Among the 1024 gene pathways evaluated, MD-AD achieved equal or better p-values for 70%, 74%, 70%, and 94% of pathways for plaque count, tangle count, CERAD score, and Braak stage, respectively (i.e., Figure 4‘s points on or above the diagonal). In particular, both KEGG’s and BioCarta’s AD pathways had the best possible p-values for MD-AD, suggesting that the most relevant pathways are particularly well captured in our network’s shared layers.
5. Discussion
MD-AD’s reduction in prediction errors compared with individual training across all phenotypes indicates that it may be particularly useful for learning an expressive network representation from heterogeneous and sparsely-labeled AD data. Furthermore, our pathway analyses demonstrate that the learned representation captures biologically relevant information, especially pertaining to AD.

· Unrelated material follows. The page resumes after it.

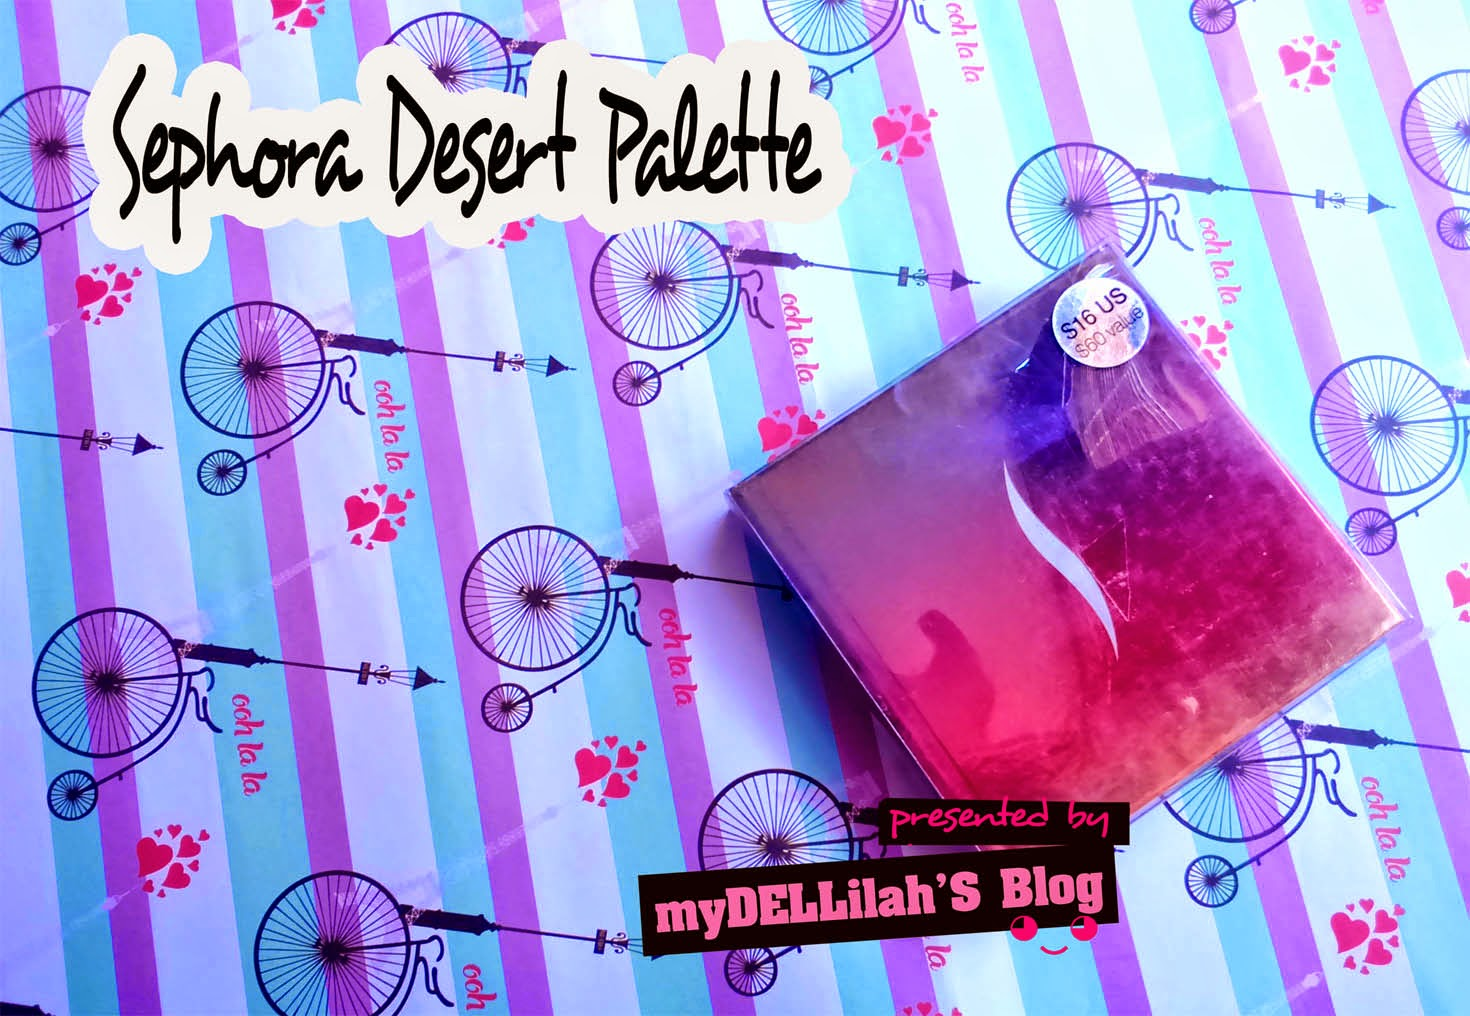 Review Sephora Desert Palette

Although our network captures known pathways, we recognize that MLP baselines also captured many of the same pathways. Nevertheless, those baseline networks achieved lower predictive power than our model, indicating that some of the helpful information captured by MD-AD may fall outside of these known pathways. Thus, moving forward, we plan to identify genes salient for each phenotype in the MD-AD network, which could lead to knowledge of a novel molecular basis for neuropathological phenotypes.

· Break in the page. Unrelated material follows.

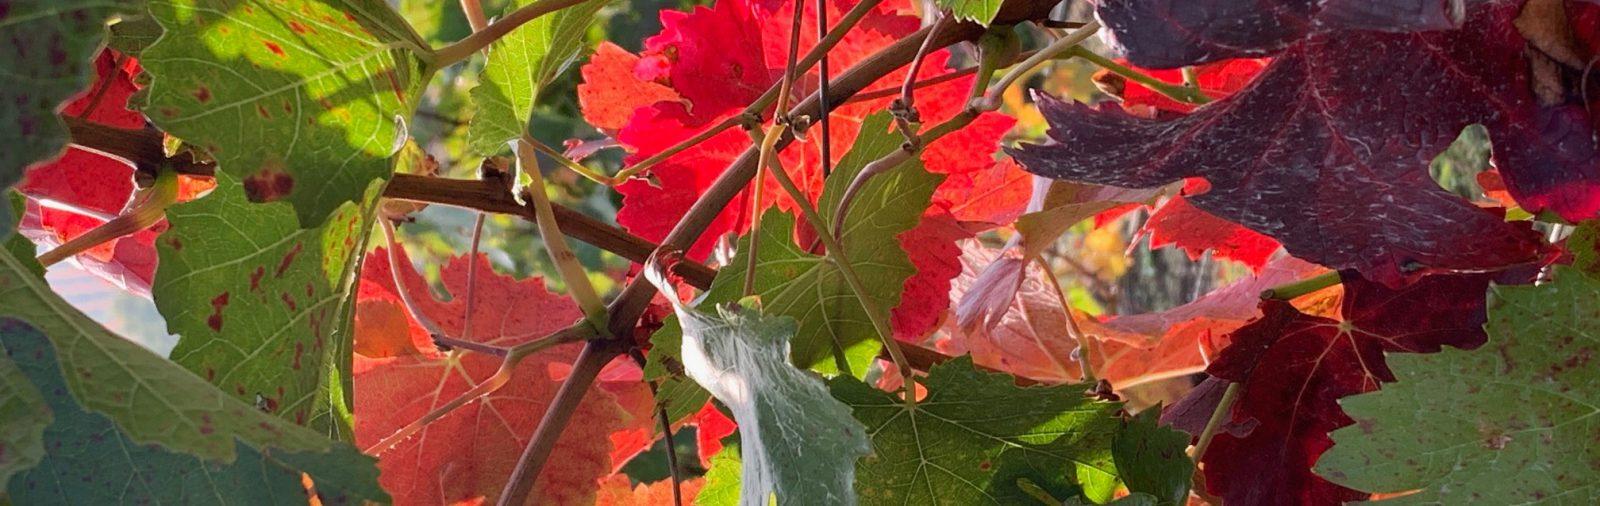 Monatsrückblick Oktober, goldener Herbst, beautyblog, Schminktante, Anja Frankenhäuser

Finally, an advantage of MD-AD is its ability to simultaneously represent multiple AD-related phenotypes. Iacono et al. (2015) found that of cognitively normal individuals in the study, over 54% had AD pathology upon autopsy, indicating that they were resilient to AD dementia. An exciting extension of MD-AD could be to incorporate cognitive data as new tasks so that we may study AD resilience (i.e., unimpaired cognition despite the presence of diagnosed AD pathology). By training with additional cognitive data, MD-AD can elucidate genes promoting resilience by revealing genes associated with cognitive normality despite the presence of neuropathological AD traits.
Footnotes
↵§ We are grateful to Mount Sinai/JJ Peters VA Medical Center Brain Bank for making the MSBB expression and neuropathology data available through the AMP-AD Knowledge Portal.